Brother, Jangan Panggil Aku “Anak Bungsu”


Kita sering merasa kesal jika dipanggil dengan ungkapan-ungkapan yang tidak kita sukai, meskipun bermakna positif bagi kita, tapi kita pasti berharap teman-teman kita memanggil dengan ucapan yang pernah kita sarankan atau saat berkenalan kita menyuruh teman-teman kita memanggil dengan nama panggilan sehari hari. apa jadinya jika teman-teman kita tidak mengindahkan saran kita tersebut, kita dipanggil dengan nada lelucon, ejekan, bahkan ejekan.

Namun berbeda dengan saya, saya tidak suka dipanggil dengan panggilan lain, meskipun bermakna positif, misalnya dalam keluarga saya dipanggil dengan ucapan Anak Bungsu. Saudara-saudara saya bilang, enak jika dipanggil anak bungsu, tapi kenapa saya tidak mau dipanggil anak bungsu. Saya sebagai seseorang mahasiswa sosiologi hanyalah menjawab kepada kakak-kakak saya jika saya dengan mereka berbeda pemaknaan mengenai ucapan “Anak Bungsu” mungkin mereka memaknai sebagai kegembiraan, dimanjakan, dibela, dan senantiasa dilindungi.

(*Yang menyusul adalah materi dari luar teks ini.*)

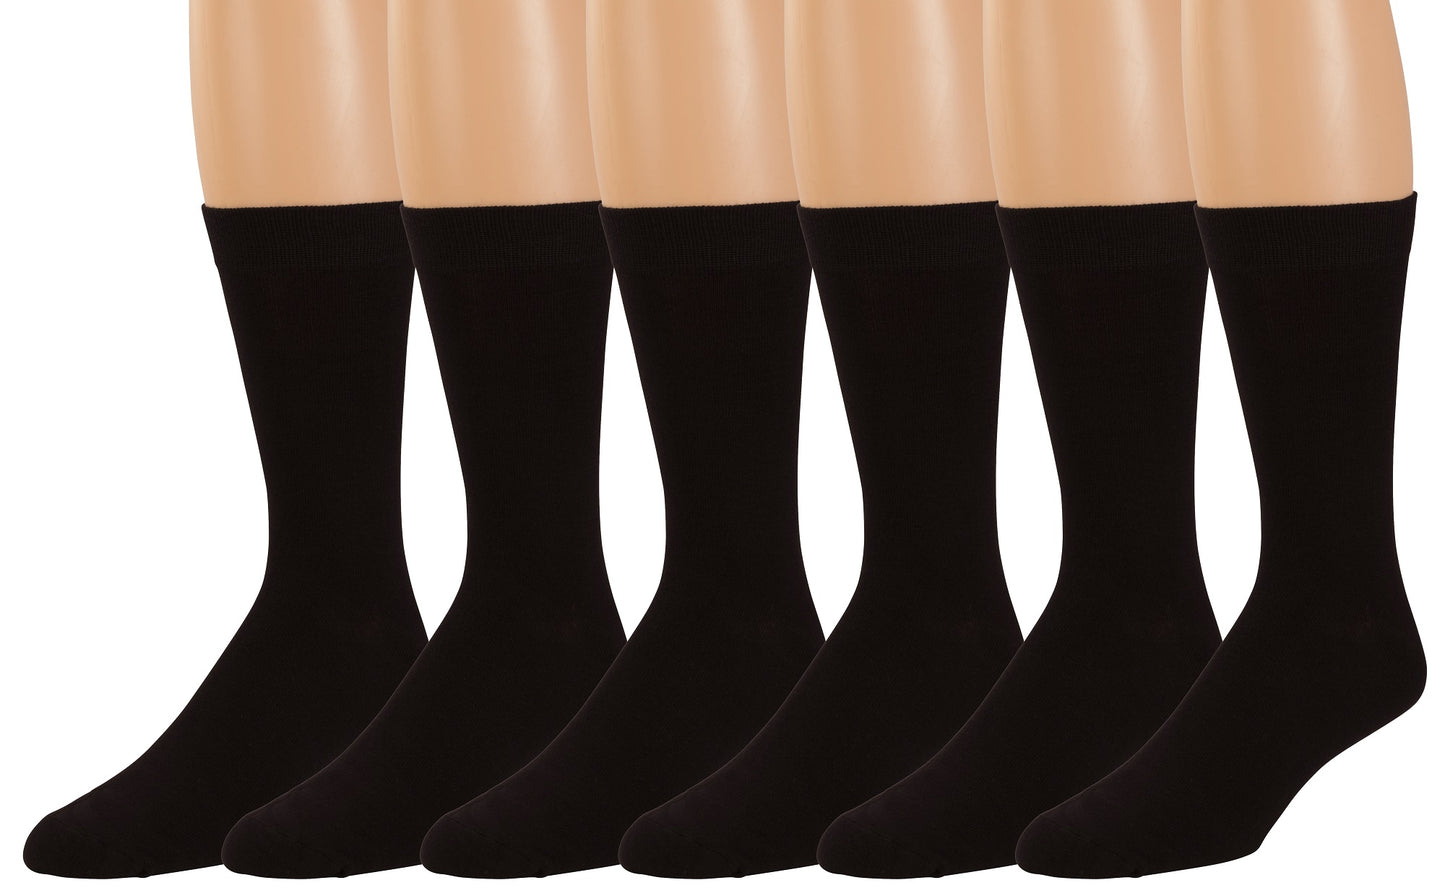 No Nonsense Soft And Breathable Women's Mini Crew Socks, Black, Size 4 –  Vitabox

Sedangkan saya?? Saya benci dipanggil “Anak Bungsu” bukan karena saya tidak menerima takdir sebagai anak bungsu, namun ungkapan “Anak Bungsu” saya maknai sebagai cengeng, anak-anak, manja, kecil, dan selalu tidak diperhitungkan dalam pengambilan keputusan dalam keluarga.
Panggil saya dengan kalimat “Yaser atau Arafat”.